Os cargos que as mulheres não conseguem alcançar

Os cargos que as mulheres não conseguem alcançar


Cada vez há mais mulheres na política, mas no Dia Internacional da Mulher de 2019 os cargos mais importantes continuam a ser ocupados por homens. Portugal nunca teve uma mulher na presidência da República. As maiores autarquias do país também têm sido lideradas por homens


No dia 24 de julho de 1979, a manchete do “Diário de Lisboa” era uma pergunta: “Quantas mulheres vão para São Bento?”. Ainda na primeira página, o jornal anunciava que, para além de Maria de Lurdes Pintasilgo, o governo poderia vir a ser constituído por “algumas das mulheres da intelligentzia portuguesa numa experiência sem precedentes nos governos da República”.

Maria de Lourdes Pintasilgo, que foi indigitada pelo Presidente da República, Ramalho Eanes, foi até hoje a única mulher que exerceu o cargo de primeira-ministra em Portugal. Em 45 anos de democracia, aumentou bastante a participação das mulheres na vida política, mas alguns cargos cimeiros continuam a ser ocupados em exclusivo por homens. Nenhuma mulher chegou à presidência da República e apenas uma vez a presidência da Assembleia da República foi exercida por uma mulher. Curiosamente, Assunção Esteves, que exerceu o cargo entre 2011 e 2015, só foi eleita depois de os deputados terem chumbado duas vezes o nome de Fernando Nobre.

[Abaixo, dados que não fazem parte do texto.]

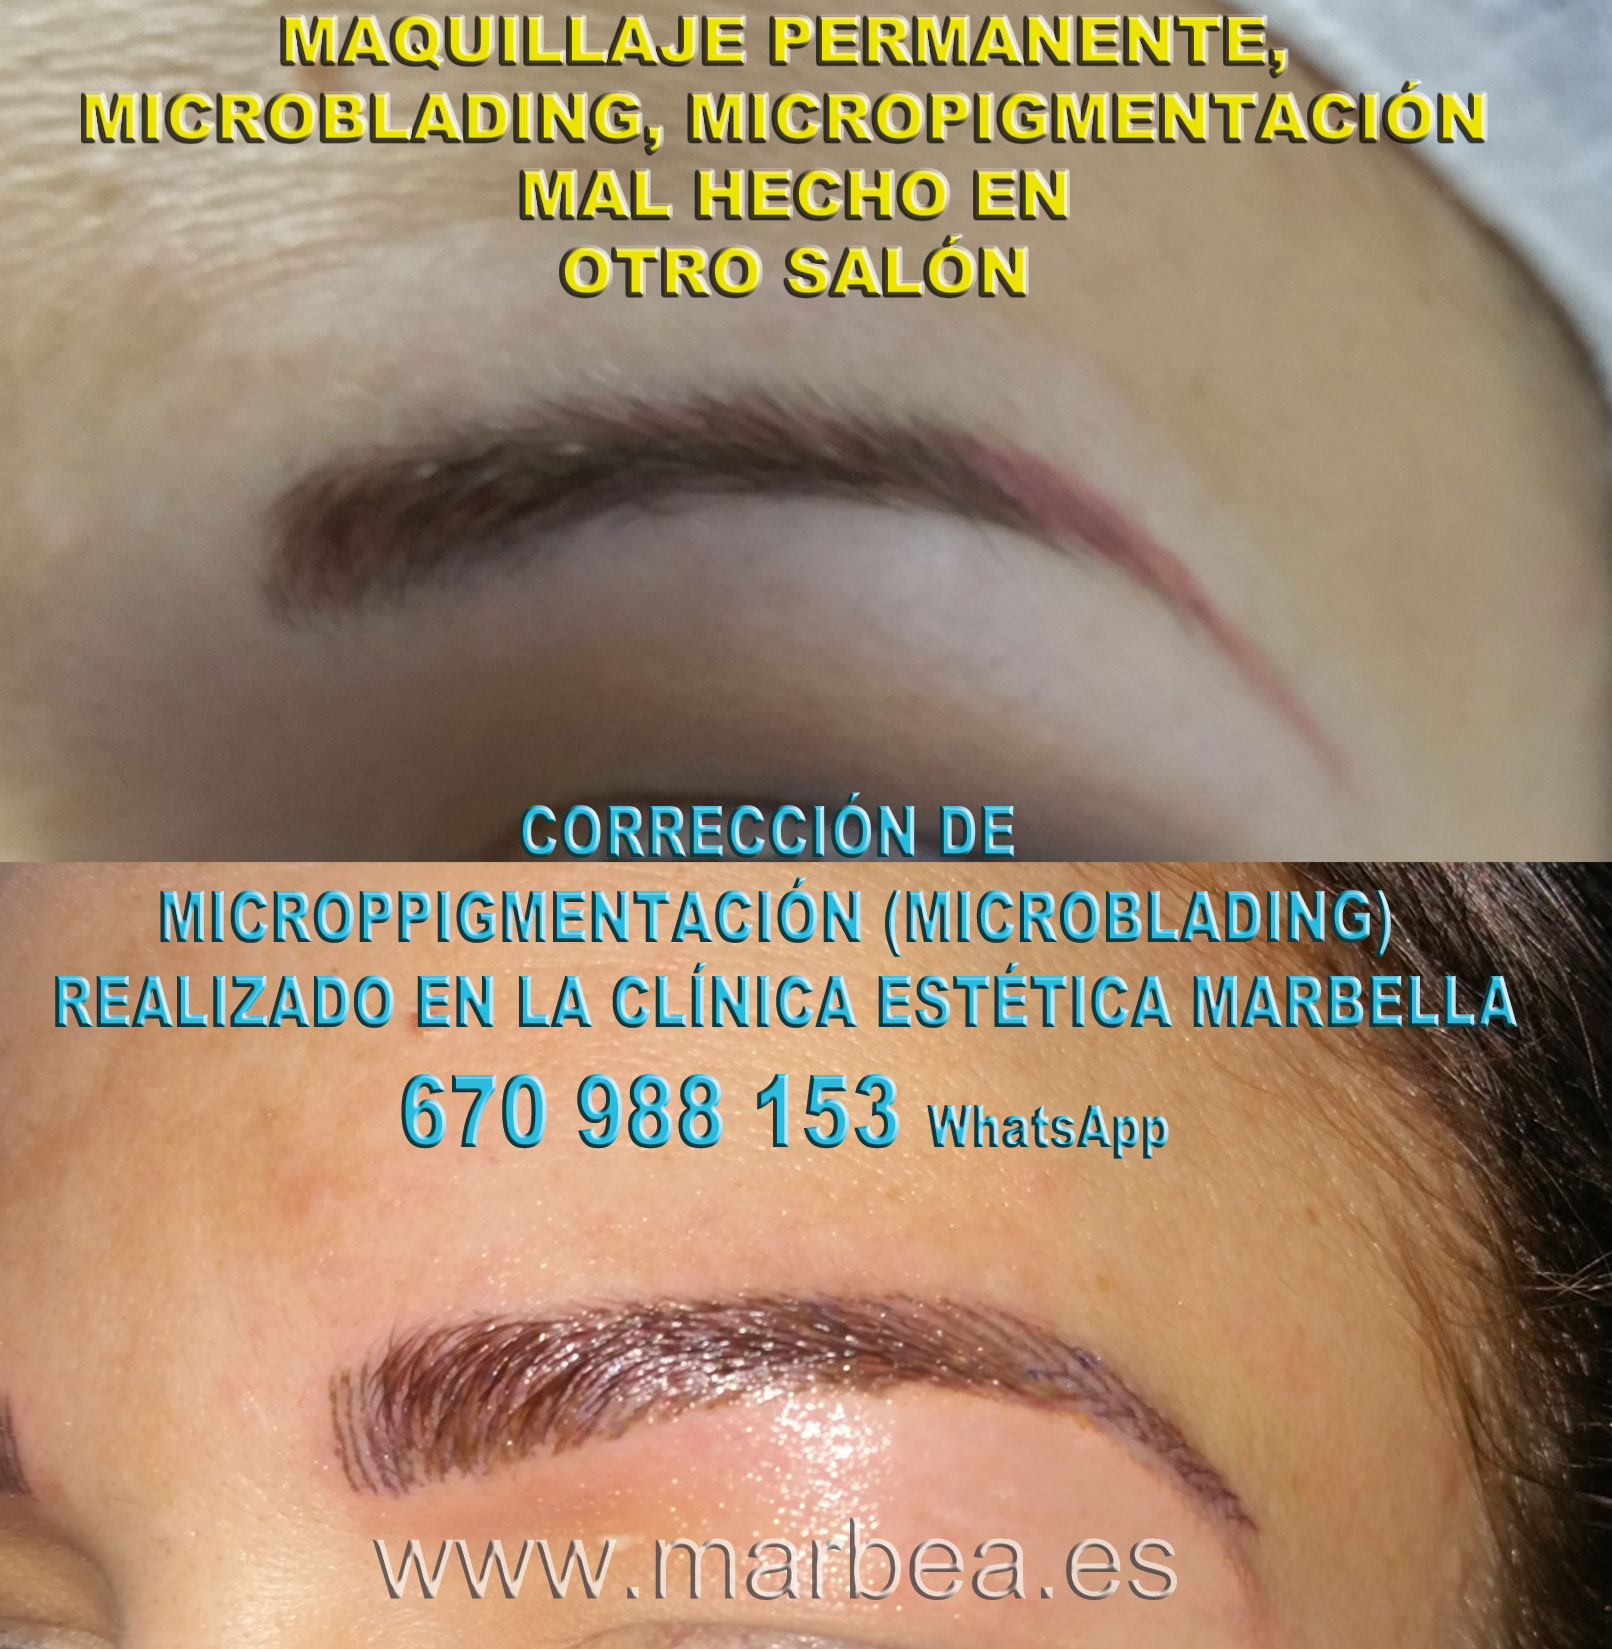 corrección de microblading en cejas clínica estética maquillaje permanete entrega corrección de cejas mal tatuadas,corregir micropigmentación no deseada
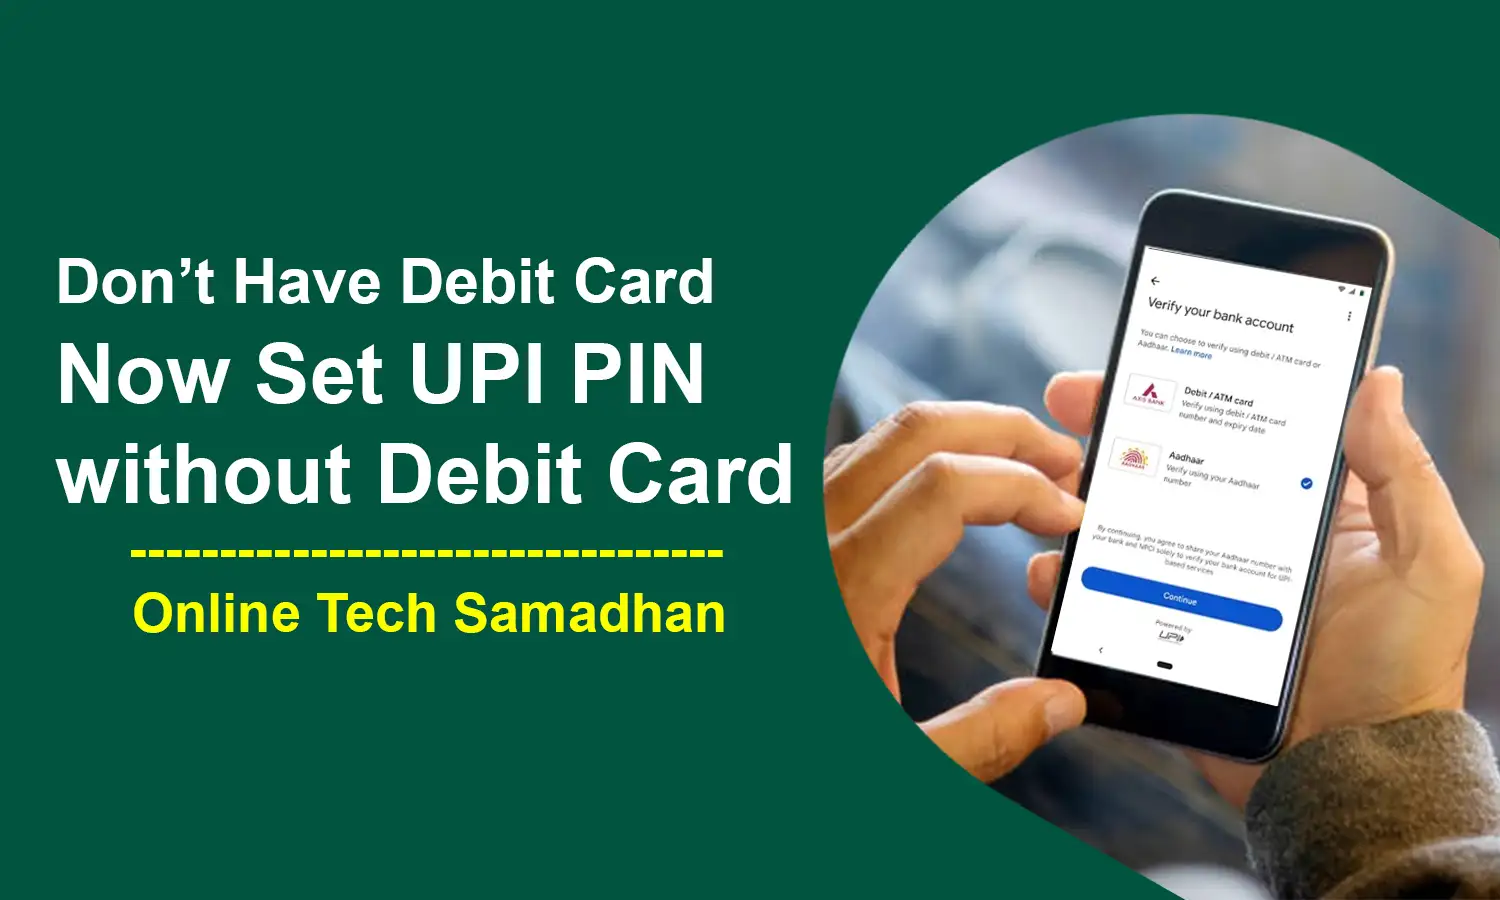 Set UPI PIN without a Debit Card

No poder local, o cenário também não é animador. As duas maiores câmaras do país, Lisboa e Porto, nunca tiveram uma mulher eleita como presidente. Dos 308 municípios do país, apenas 32 mulheres foram eleitas, nas últimas autárquicas, para a presidência.

“As coisas vão-se alterando, mas levam o seu tempo. Daqui a uns anos, quando houver mulheres na política já em paridade absoluta, o percurso fica com menos obstáculos. Há muitos obstáculos que se colocam quando as pessoas não estão nos percursos políticos que levam às lideranças e as mulheres não têm estado. Só mais recentemente é que começaram a entrar nesses espaços”, diz ao i Elza Pais, presidente das Mulheres Socialistas.

A também deputada socialista considera que “Portugal tem feito um percurso extraordinário que se deve, sobretudo, à adoção de leis positivas”, mas “as culturas políticas levam mais tempo a alterar-se do que as próprias leis e os obstáculos ainda são muitos”. Elza Pais realça que não basta as mulheres ocuparem determinados cargos, é preciso que tenham poder. Só há igualdade quando as mulheres participarem ativamente nos processos de decisão. “Queremos que as mulheres estejam nos processos políticos, mas que estejam com um poder igual ao dos homens”, diz a socialista.

A boa notícia é que Portugal está acima da média da União Europeia em relação ao número de mulheres no governo e no parlamento. Contas feitas, o governo liderado por António Costa tem 17 ministros e cinco são mulheres.

No parlamento existe um equilíbrio maior, principalmente devido à lei da paridade, aprovada em 2006. Dos 230 deputados, 82 são mulheres e 148 são homens. O PSD tem 30 mulheres e 59 homens. Os socialistas 31 mulheres e 55 homens. PCP e Bloco têm seis mulheres no parlamento e o CDS oito.

As lideranças dos partidos também têm sido dominadas por homens. Foram precisos 34 anos de democracia para uma mulher chegar à liderança de um dos grandes partidos. Manuela Ferreira Leite venceu as eleições internas no PSD, em 2008, e tornou-se a primeira mulher a dirigir o PSD e um partido político. Catarina Martins, em 2012, e Assunção Cristas, em 2016, também chegaram à liderança dos seus partidos.

O PS e o PCP nunca tiveram uma mulher na liderança. “Não vejo, nas próximas gerações, a hipótese de uma mulher liderar o PS”, disse recentemente, em entrevista, Gabriela Canavilhas. A ex-deputada socialista referiu que o PS “é um partido de homens. Isso sente-se, no dia a dia, nas bancadas do grupo parlamentar e nas reuniões”.